ところが今日に限っては、私が堂々の主役だった。天皇誕生日祝賀レセプションの翌日だ。何と言ってもソロ首相に来てもらったし、スピーチを通じて首相との間に、投票箱の使用をめぐってのやりとりがあった。沢山の新聞が話題として取り上げてくれた。なかでも、政府系の主要紙「友愛朝報(Fraternité Matin)」は、一面に私の顔写真を掲載し、記事には「危機脱出後のコートジボワールについて語ろう」と、私の祝辞の一節を見出しに掲げて、祝辞の内容とソロ首相の反応とを詳細に報じてくれた。

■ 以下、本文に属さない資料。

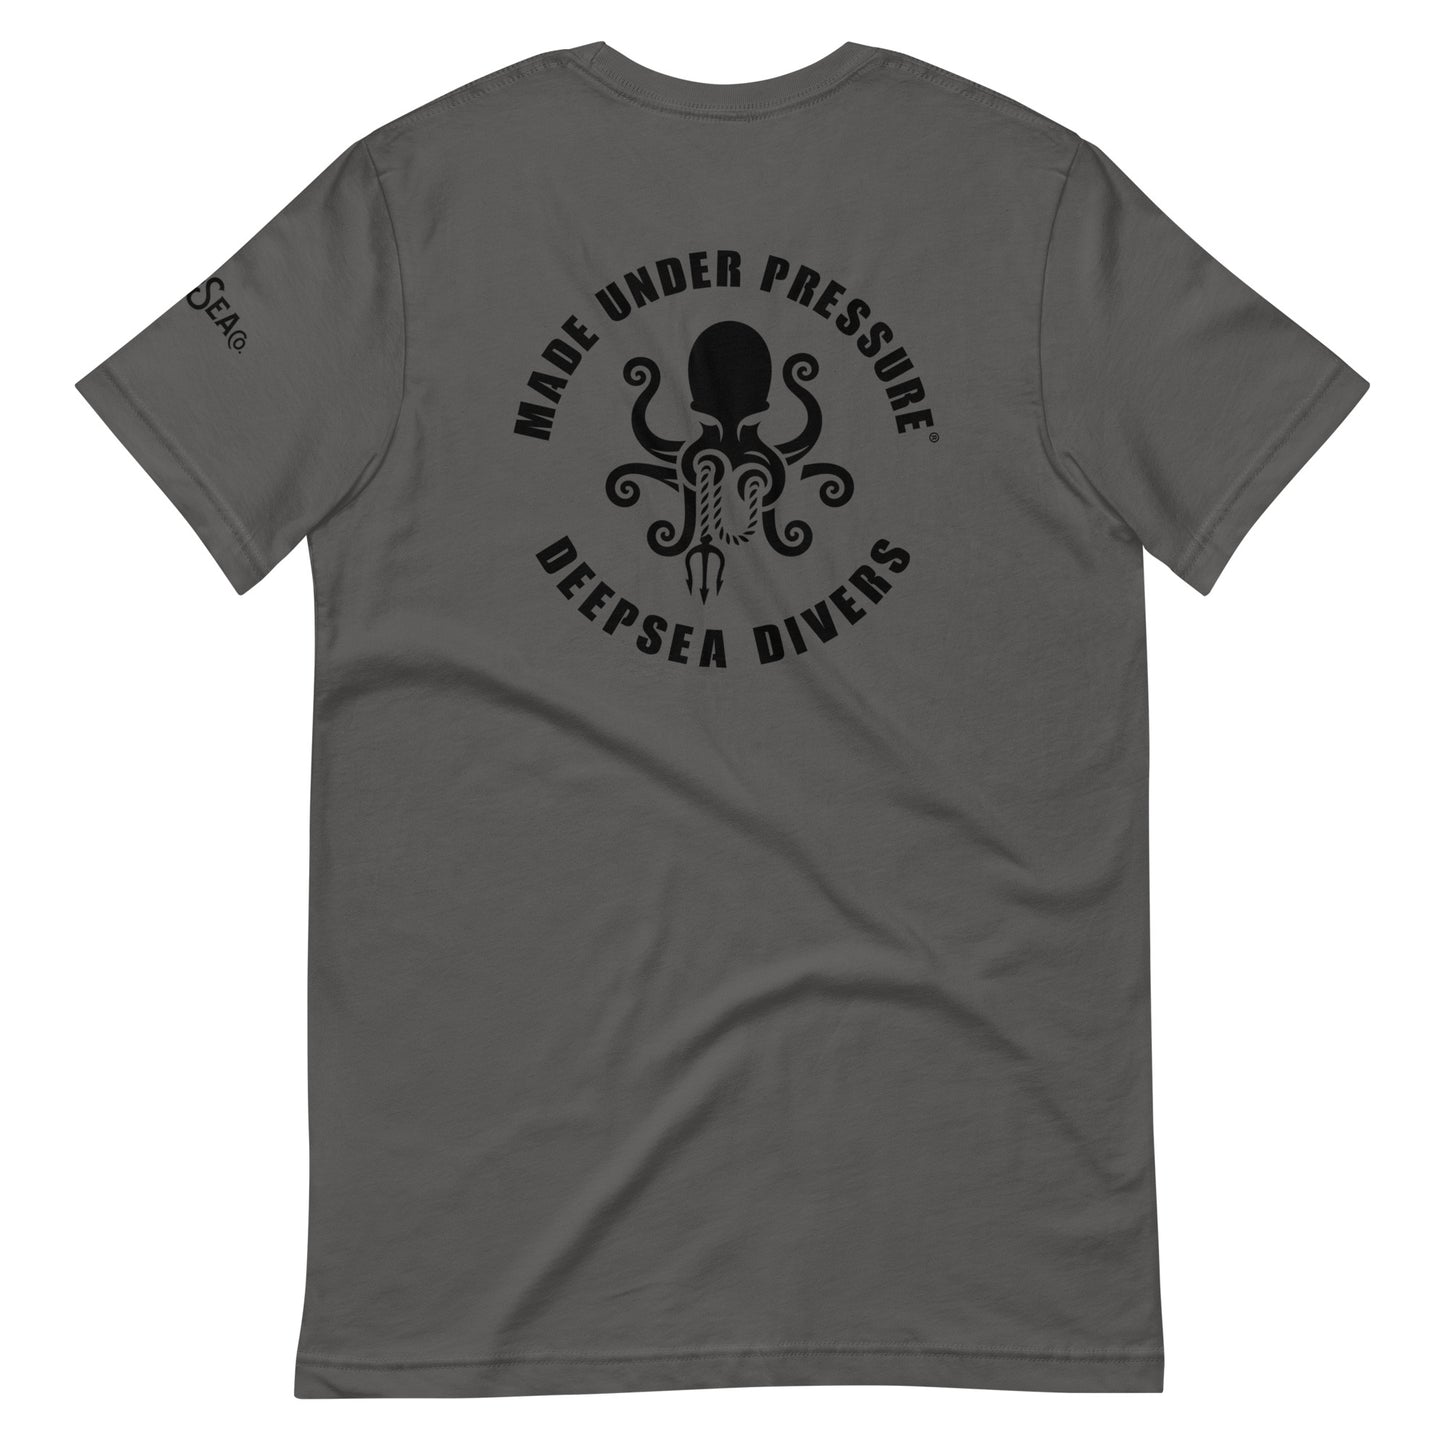 DeepSea Divers Unisex t-shirt

新聞に記事を載せてもらおうと考えるとき、実はちょっとした工夫がいる。まず第一に、記者に何らかの文章を渡すこと。挨拶をしただけでは駄目で、挨拶文の原稿を渡す。記者も人の子だから、楽をしたい。そのまま引き写せばいい文章があるか否かで、記事を書こうという意欲が湧くかどうか、断然違ってくる。第二に、数字や日付を出すこと。新聞記事は文学ではない。どんな新しい話でも、定性的な形容だけでは、読者にニュースを伝えたことにならない。客観的・具体的な話であることが裏付けられるような、定量的な情報が必要なのである。

だから、天皇誕生日の祝賀レセプションに際しても、私は挨拶をしただけでなく、祝辞の原稿を刷って、新聞記者に配った。また、祝辞の内容に、「2万2千個の投票箱」といった数字を盛り込んだ。他にも、わが国の選挙関連支援の協力の総額を入れて、記者の人たちが記事を作りやすいようにした。この総額は、すでに前から発表されているもので、何ら新しい数字ではないのであるが、狙いどおり翌朝の新聞に、あたかも今回明らかにされた金額であるかのように取り上げられた。

ところで、日本の広報といえば、私の祝賀レセプションで、もう一つうまくいったことがある。赴任前、アビジャンに送る食器・台所用品を、築地に買いに行った。そのとき見つけた、日の丸爪楊枝。お子様ランチについているあれである。たくさん買っておいたのであるが、わが公邸料理人が思いついて、これを押し寿司と稲荷寿司の上に、たくさん刺して出した。大好評である。多くのお客さんが、喜んで胸ポケットに刺して帰った。お持帰りの日の丸だ。今ごろ、それぞれの家で、小さく旗めいていることだろう。